Canadian mineral exploration company Osisko Mining Inc. (Osisko) and Canadian resource exploration company Beaufield Resources Inc. (Beaufield) have entered into a definitive arrangement agreement dated 14 August 2018 pursuant to which Osisko has agreed to acquire all of the issued and outstanding common shares of Beaufield which it does not already own. The acquisition is expected to be completed by way of a statutory plan of arrangement under the Canada Business Corporations Act.
President and CEO of Osisko, John Burzynski, stated: “We are very pleased to announce today’s proposed transaction with Beaufield. By joining Osisko in our large-scale exploration and development programme at Windfall, Beaufield Shareholders have the opportunity to capitalise on the strong premium offered today and to benefit from the future growth of our project.”
Ron Stewart, President and CEO of Beaufield, commented: “We are very pleased to be joining forces with Osisko, which continues to demonstrate its leadership and strength in advancing its portfolio of resource projects including the flagship Windfall district. We believe the combination of our projects will provide benefit to the shareholders of both companies and look forward to participating in the future success of Osisko.”
Under the terms of the agreememt, holders of Beaufield shares will be entitled to receive 0.0482 of a common share of Osisko in exchange for each Beaufield share held immediately prior to the effective time of the arrangement, representing an implied offer price of $0.082 per Beaufield share based on Osisko’s closing price as of 14 August 2018 and a premium of approximately 54% based on the 20 day volume weighted average price of both companies’ common shares on the Toronto Stock Exchange and TSX Venture Exchange, as the case may be, on 14 August 2018 (being the last trading day prior to the announcement of the arrangement).
The arrangement is to require the approval of Beaufield shareholders at a special meeting, which is expected to take place in October 2018. In order to become effective, the arrangement must be approved at the Beaufield meeting by (i) at least 66?% of the votes cast by Beaufield shareholders, and (ii) a simple majority of the votes cast by Beaufield shareholders after excluding any Beaufield shares held by any “interested party” or “related party” of an “interested party” (as such terms are defined in Multilateral Instrument 61-101 – Protection of Minority Shareholders in Special Transactions).

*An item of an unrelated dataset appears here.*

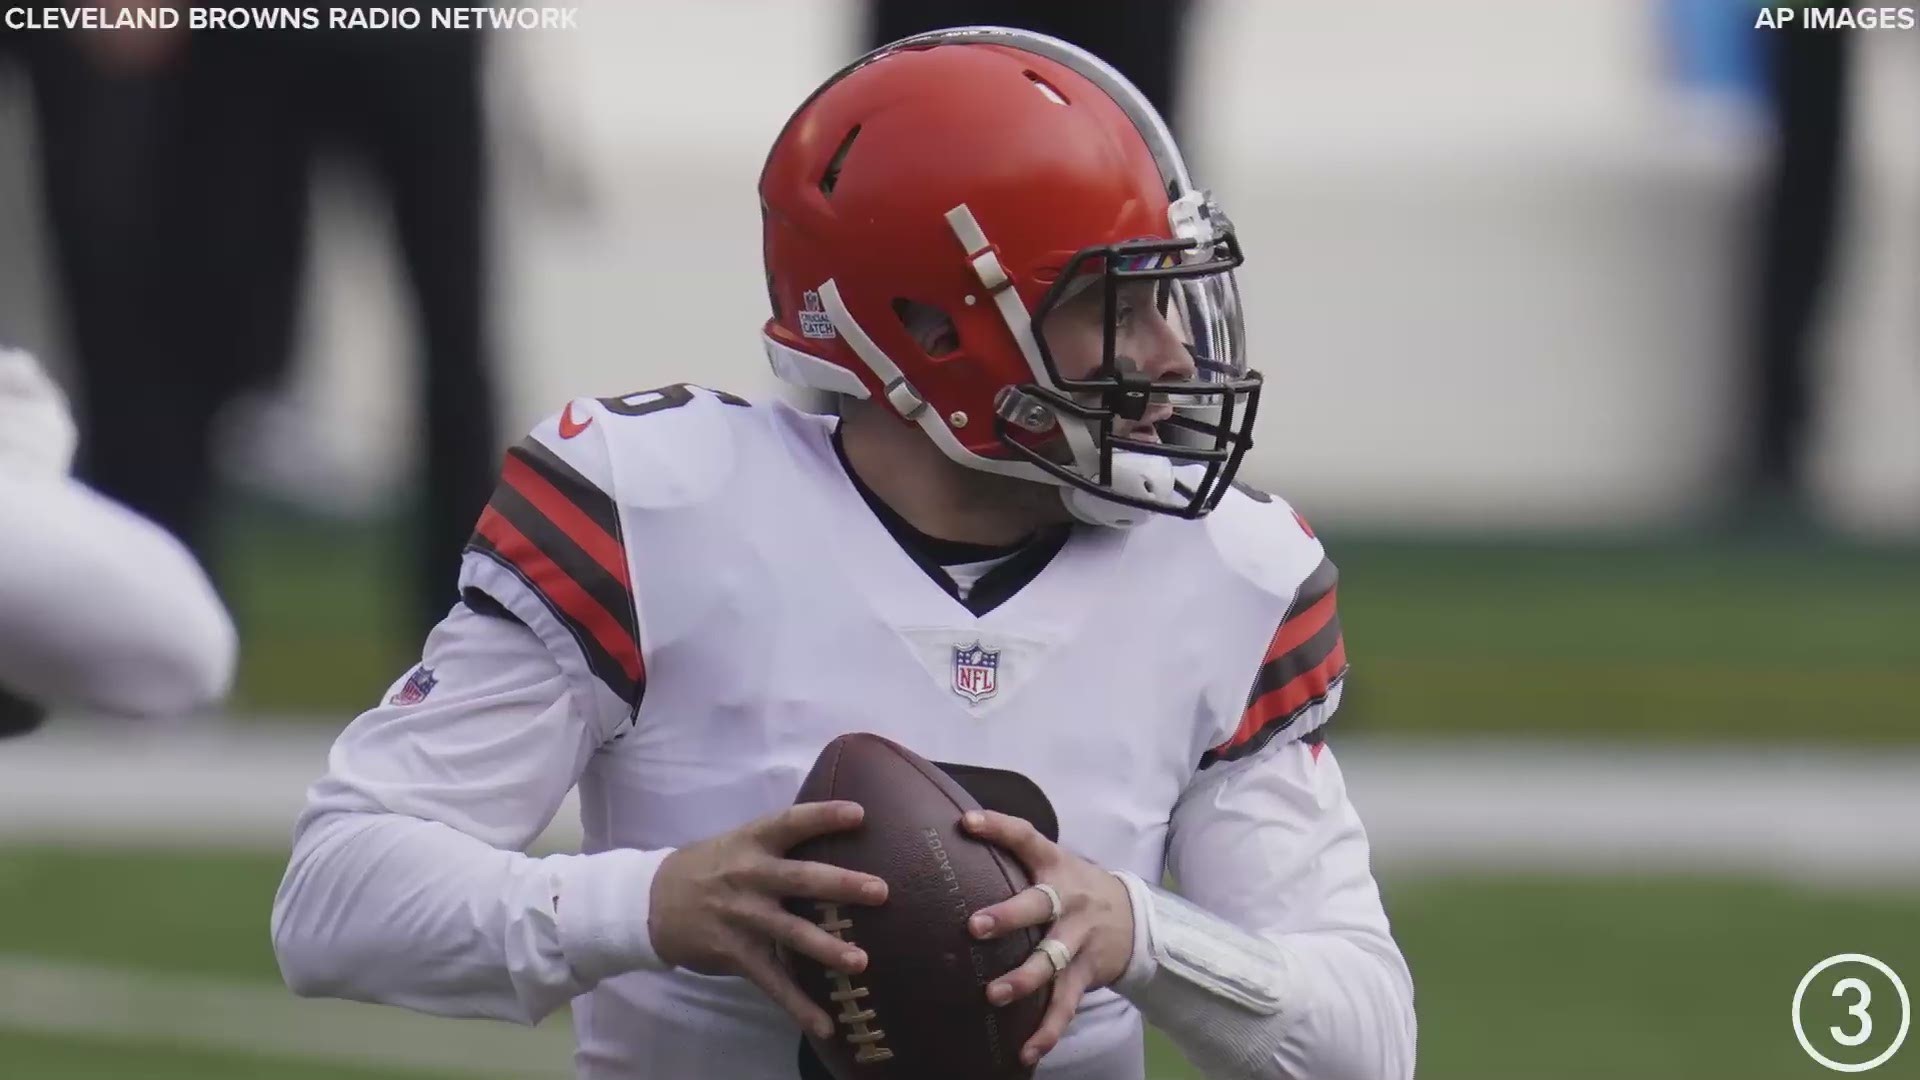 Cleveland Browns quarterback Baker Mayfield found tight end Harrison Bryant for a 3-yard touchdown pass to tie the Cincinnati Bengals 10-10.

Directors and officers of Beaufield and certain Beaufield Shareholders holding approximately 7.5% of the issued and outstanding Beaufield shares have entered into voting and support agreements with Osisko in support of the arrangement.
On the recommendation of its independent special committee Beaufield’s board of directors has unanimously approved the arrangement and will recommend that Beaufield Shareholders vote FOR the Arrangement.
The Arrangement Agreement includes representations, warranties and covenants typical of a transaction of this nature, including with respect to non-solicitation, a right to match, and a fiduciary-out. In addition, Beaufield has agreed to pay a termination fee to Osisko upon the occurrence of certain events. The full details of the agreement will be made available on SEDAR under the issuer profile of Beaufield at www.sedar.com.
Full particulars of the arrangement are also to be included in a management information circular of Beaufield describing the matters to be considered at the Beaufield meeting, which is expected to be mailed to the Beaufield Shareholders in September 2018 and made available on SEDAR under the issuer profile of Beaufield at www.sedar.com.